◆ **Input data**
____________

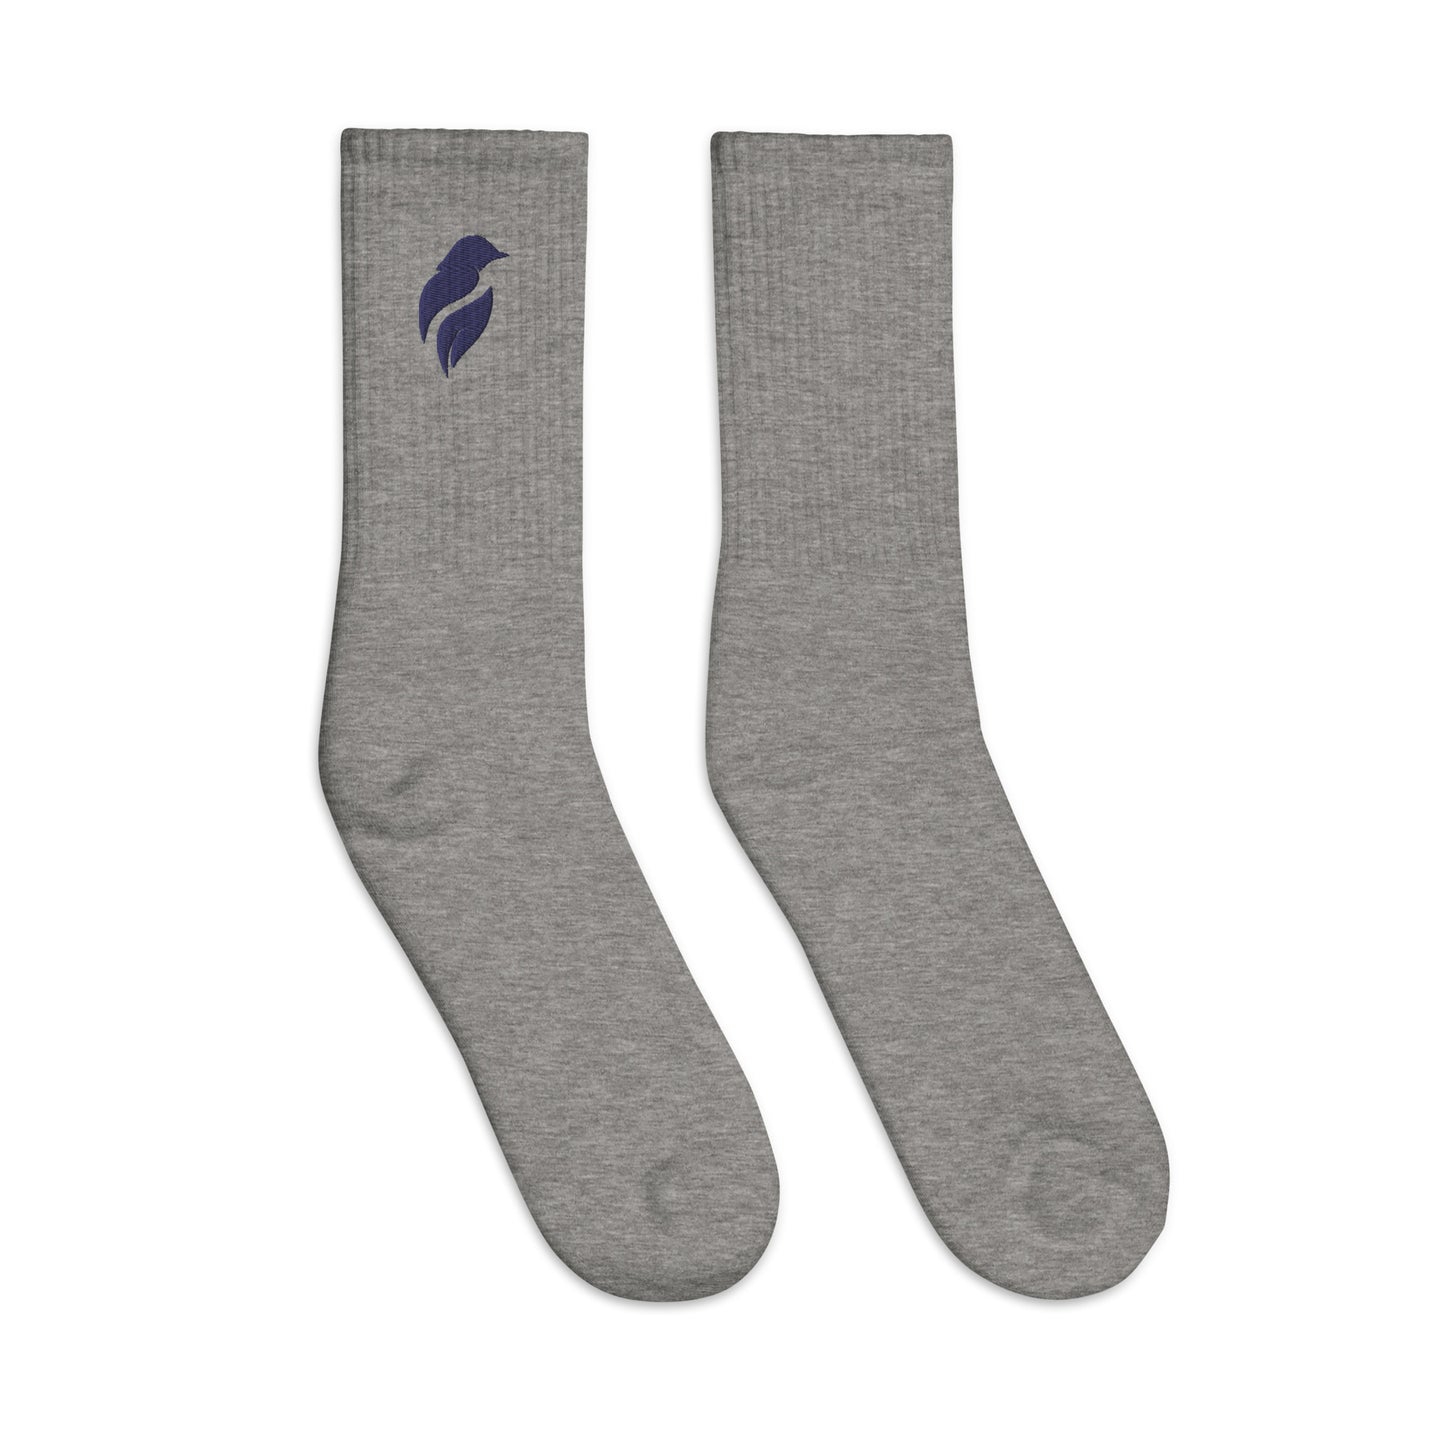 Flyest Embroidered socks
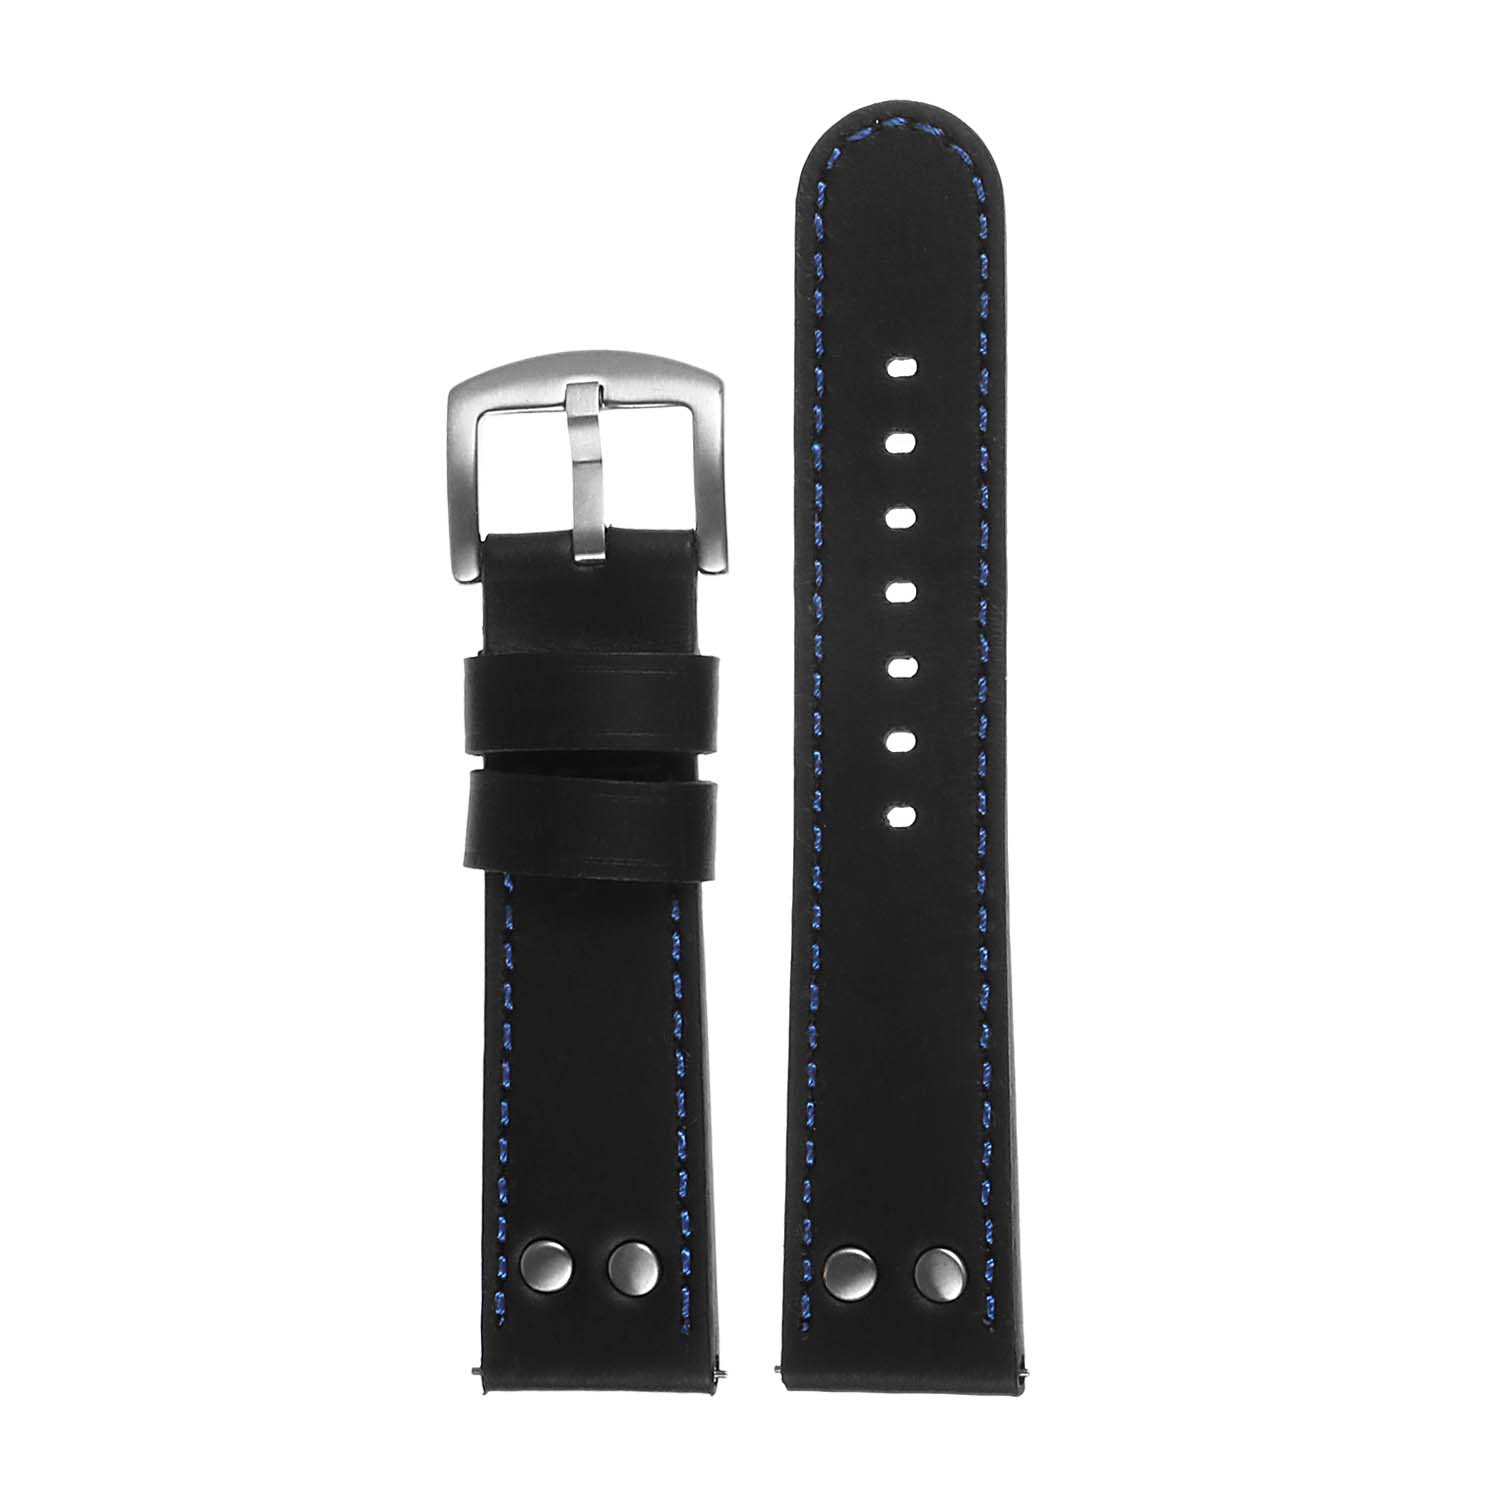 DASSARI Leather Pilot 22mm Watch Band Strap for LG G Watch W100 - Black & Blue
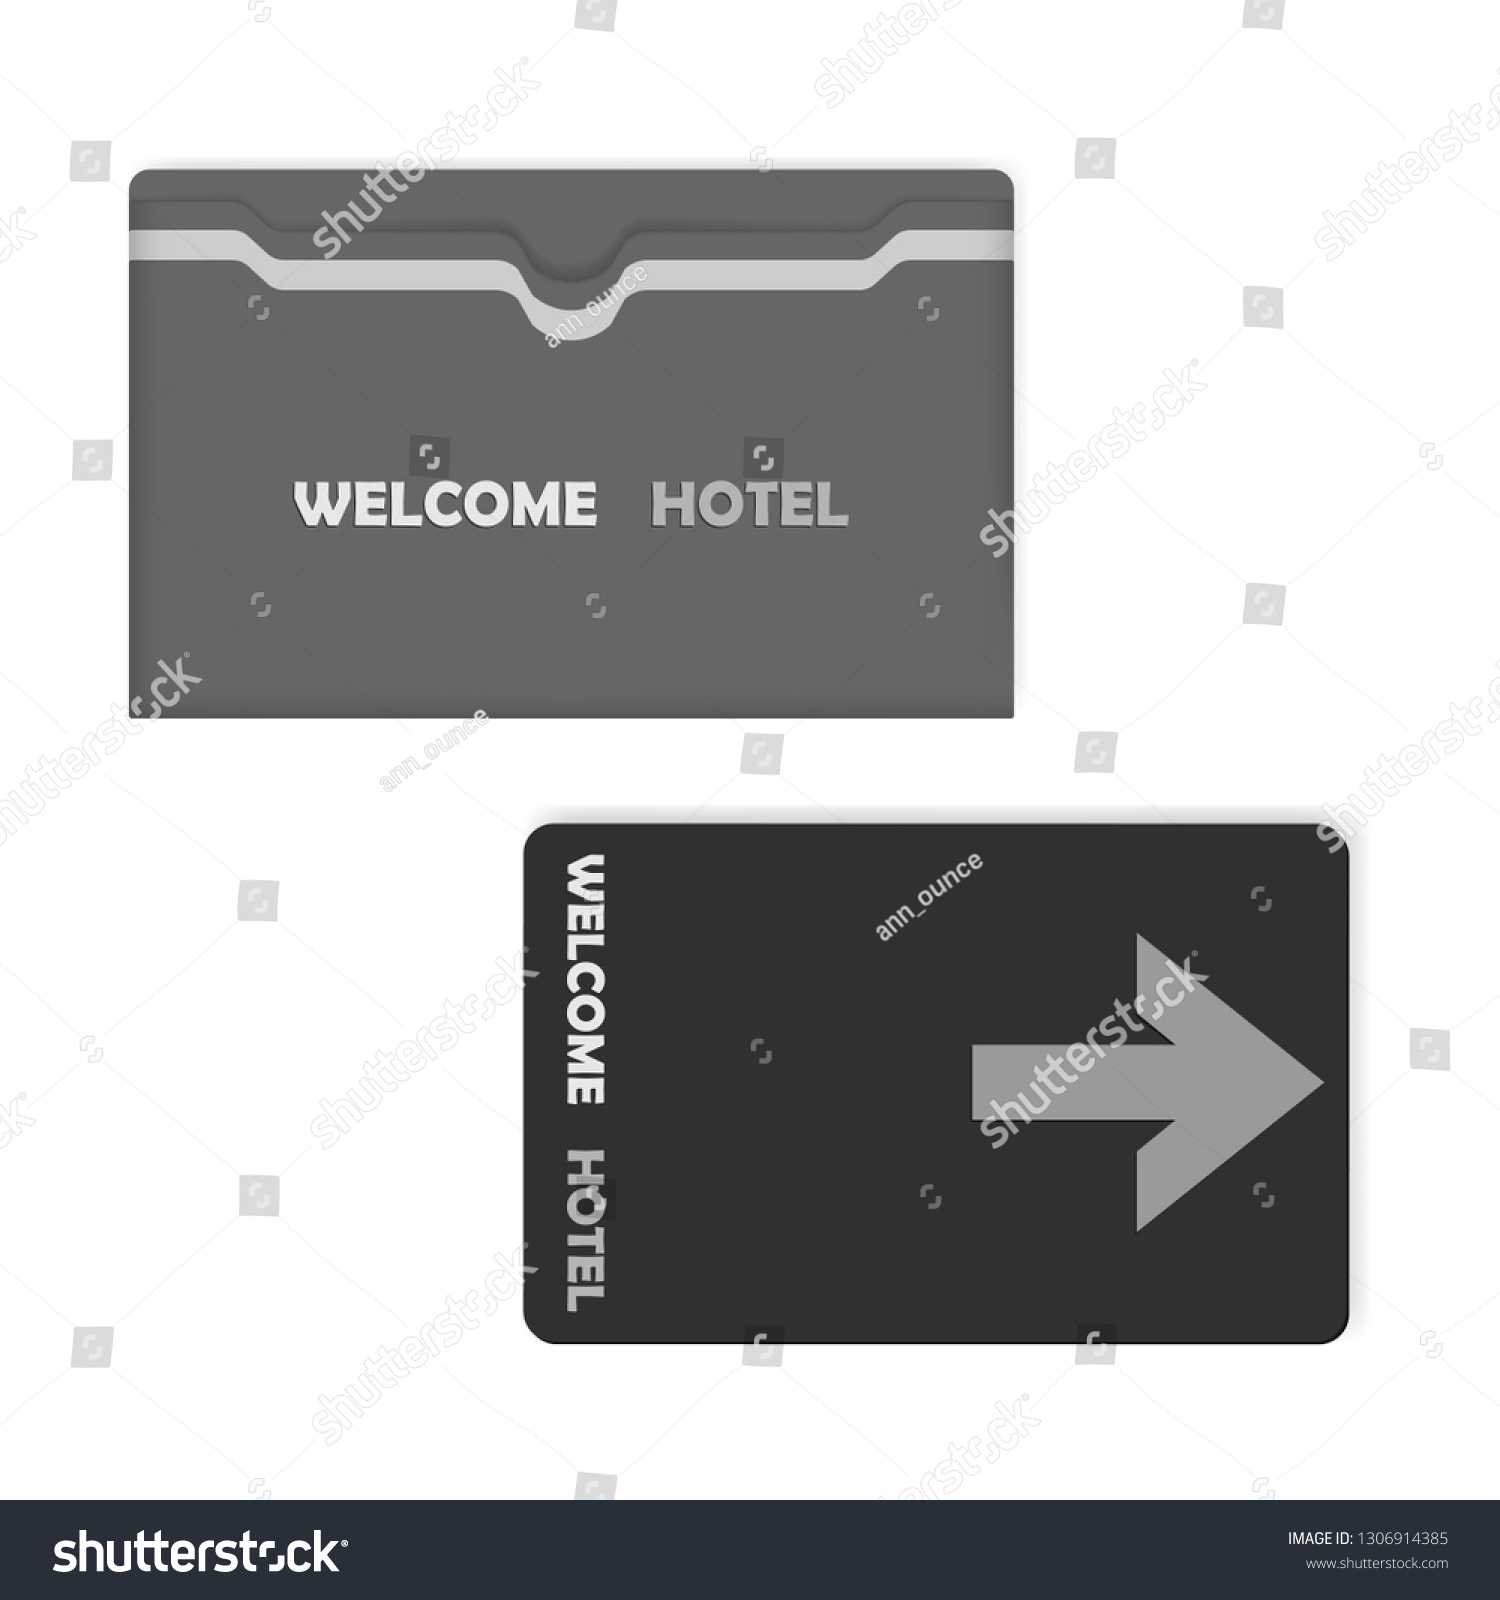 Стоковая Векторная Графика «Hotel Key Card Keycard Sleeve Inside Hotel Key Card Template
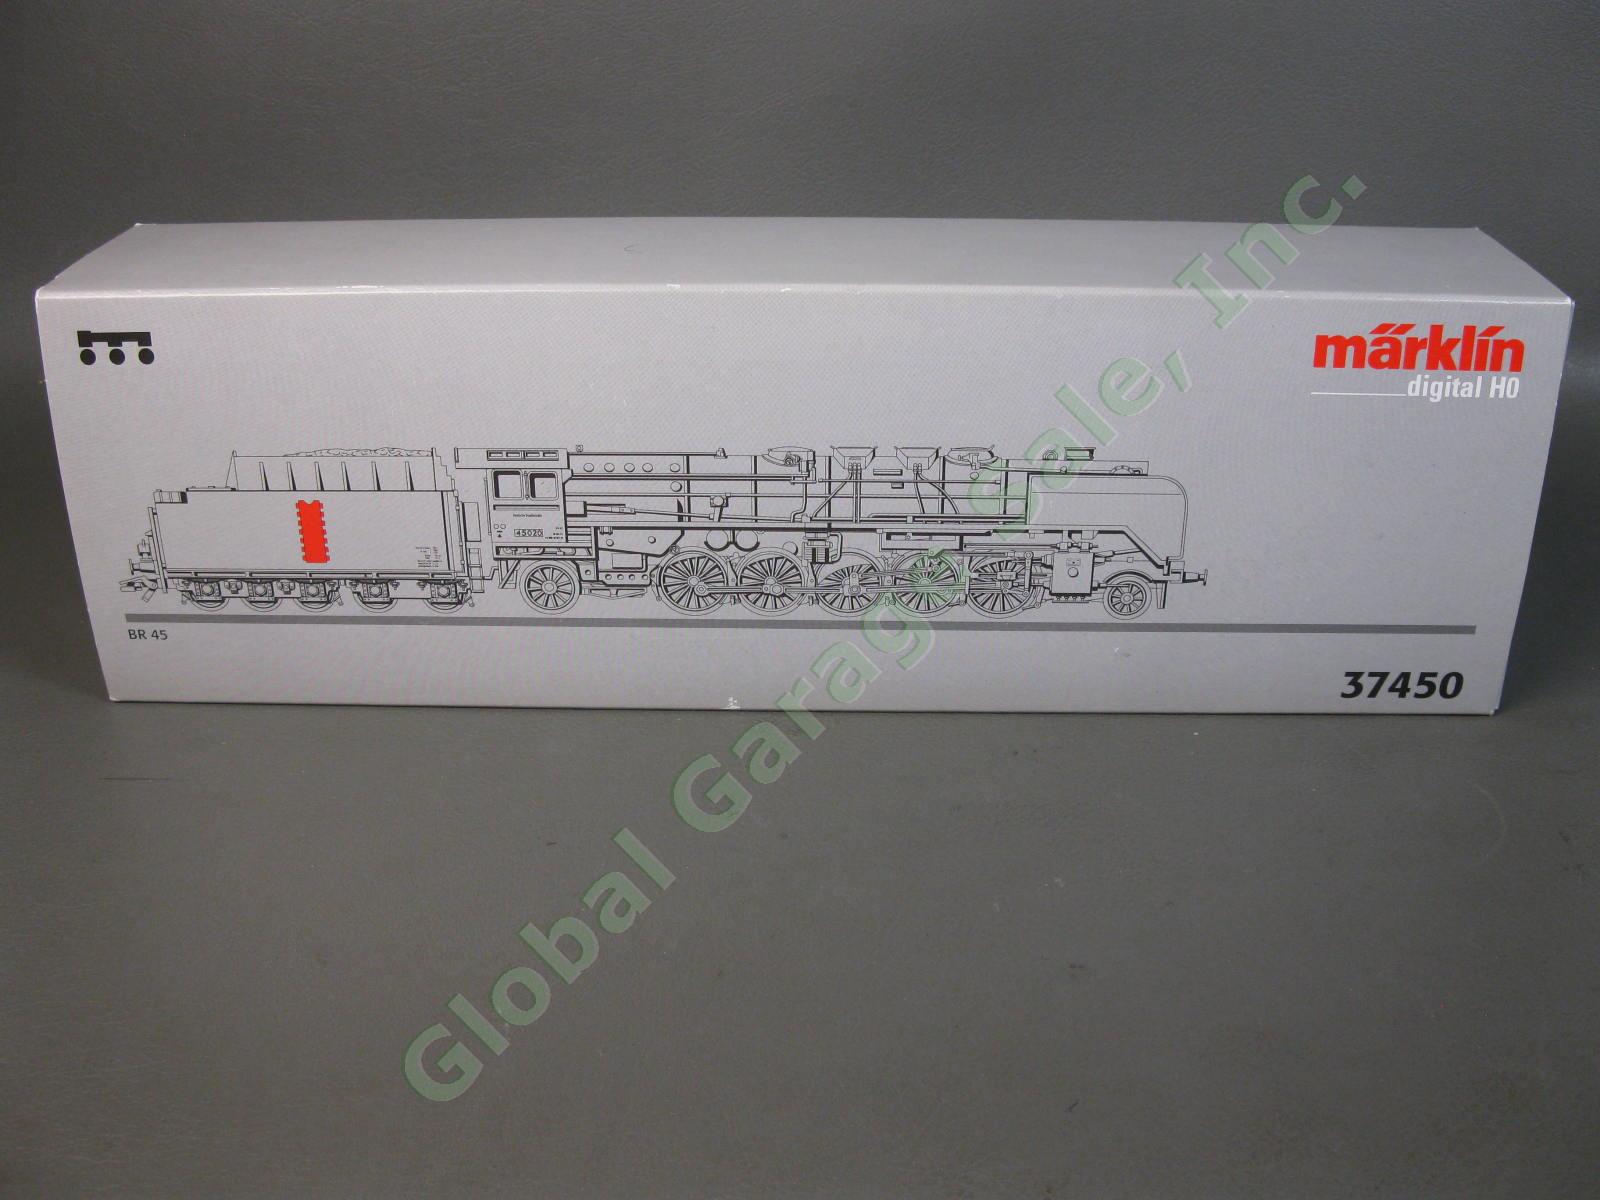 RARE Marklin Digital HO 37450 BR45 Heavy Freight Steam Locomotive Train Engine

____________

◆ **Task goal**
Starting with the line that contains "DASSARI Leather Pilot", reproduce every line down to the end of the listing above, both endpoints included. Pictures stay out.

◆ **Response below**
 DASSARI Leather Pilot 22mm Watch Band Strap for LG G Watch W100 - Black & Blue
 Стоковая Векторная Графика «Hotel Key Card Keycard Sleeve Inside Hotel Key Card Template
 RARE Marklin Digital HO 37450 BR45 Heavy Freight Steam Locomotive Train Engine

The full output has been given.